USG has retained BofA Merrill Lynch to serve as dealer manager for the Tender Offer.  USG has appointed Global Bondholder Services Corporation (“GBS”) to serve as the depositary and information agent for the Tender Offer.

 

For additional information regarding the terms of the Tender Offer, please contact BofA Merrill Lynch at (888) 292-0070 (toll-free) or (980) 388-3646 (collect).  Questions regarding the Tender Offer should be directed to GBS at (212) 430-3774 (banks and brokers) or (866) 470-4200 (all others).
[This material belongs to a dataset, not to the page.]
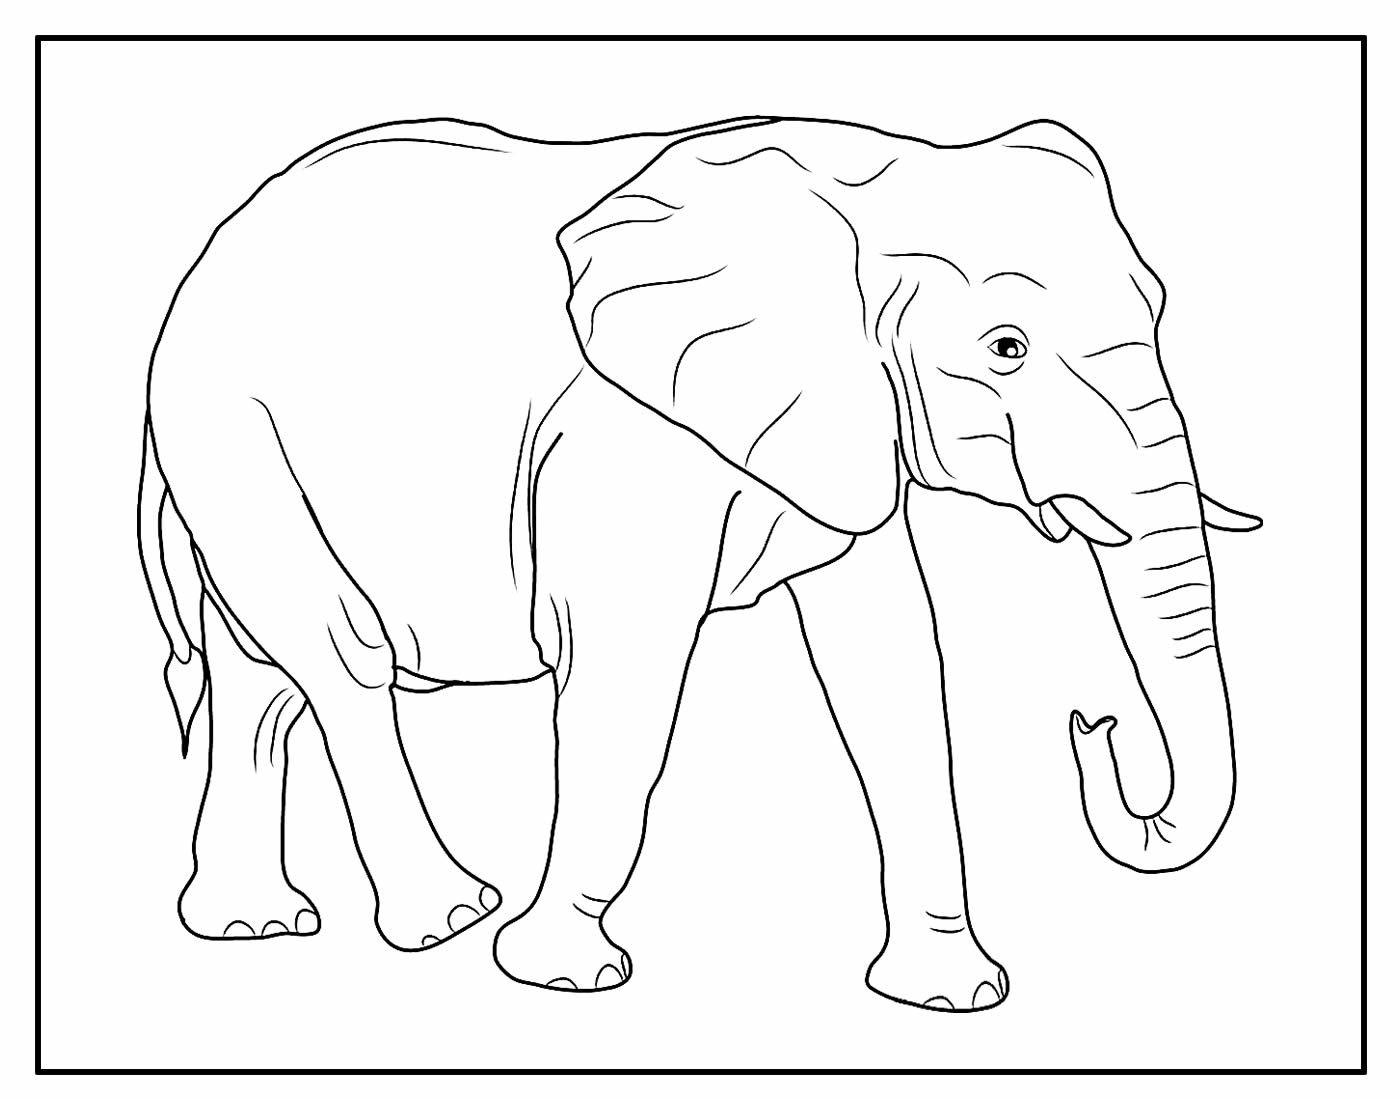 Desenho Elefante Colorir
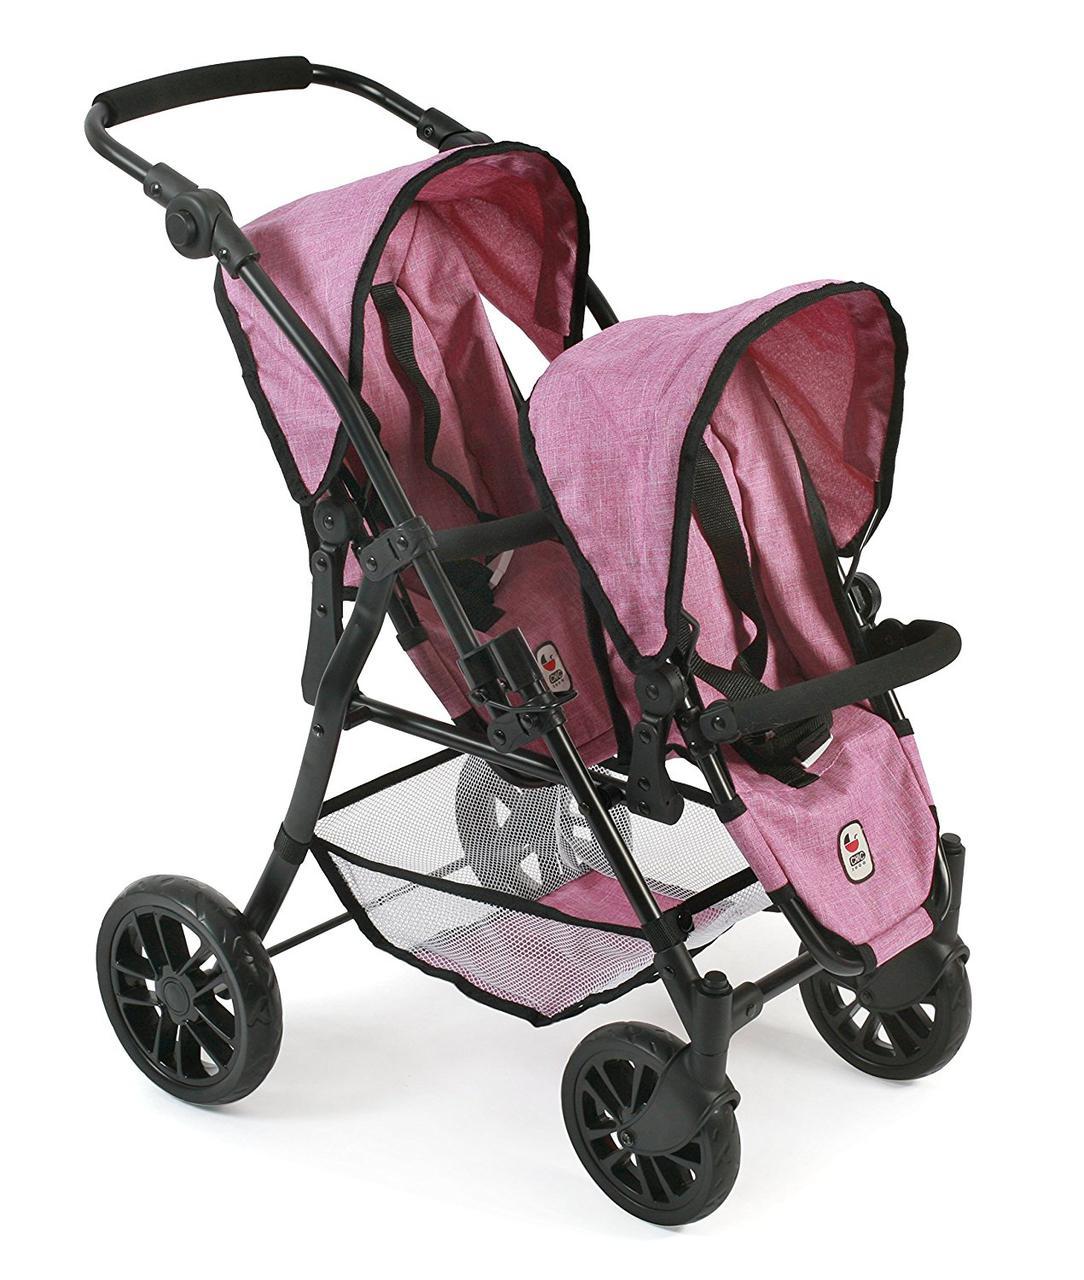 Коляска тандем для кукол для двойни розовая Байер Tandem Buggy Twinny Jeans Pink Bayer 69170

Documents for the Tender Offer, including the Offer to Purchase, Letter of Transmittal and Notice of Guaranteed Delivery, are available at www.gbsc-usa.com/USG/, and may also be obtained by contacting GBS by telephone.

 

None of USG, its board of directors, the dealer manager, GBS or the trustee for the Notes, or any of their respective affiliates, is making any recommendation as to whether Holders should tender any Notes in response to the Tender Offer.  Holders must make their own decision as to whether to tender any of their Notes and, if so, the principal amount of Notes to tender.

 

This announcement is for informational purposes only and does not constitute an offer to buy or the solicitation of an offer to sell securities.  The Tender Offer is being made solely by means of the Offer to Purchase and the related Letter of Transmittal.  In those jurisdictions where the securities, blue sky or other laws require any tender offer to be made by a licensed broker or dealer, the Tender Offer will be deemed to be made on behalf of USG by the dealer manager or one or more registered brokers or dealers licensed under the laws of such jurisdiction.

 

About USG

 

USG Corporation is a manufacturer and distributor of innovative, high-performance building systems through its United States Gypsum Company, USG Interiors, LLC, and L&W Supply Corporation subsidiaries and its USG Boral Building Products joint venture. Headquartered in Chicago, USG’s worldwide operations serve the commercial, residential, and repair and remodel construction markets, enabling its customers to build the outstanding spaces where people live, work and play. USG wall, ceiling, exterior sheathing, flooring underlayment and roofing systems provide leading-edge building solutions, while L&W Supply branch locations efficiently stock and deliver building materials throughout the United States. USG Boral Building Products is a leading plasterboard & ceilings joint venture across Asia, Australasia, and the Middle East. USG and its subsidiaries are proud sponsors of the U.S. Olympic and Paralympic teams and the Canadian Olympic team.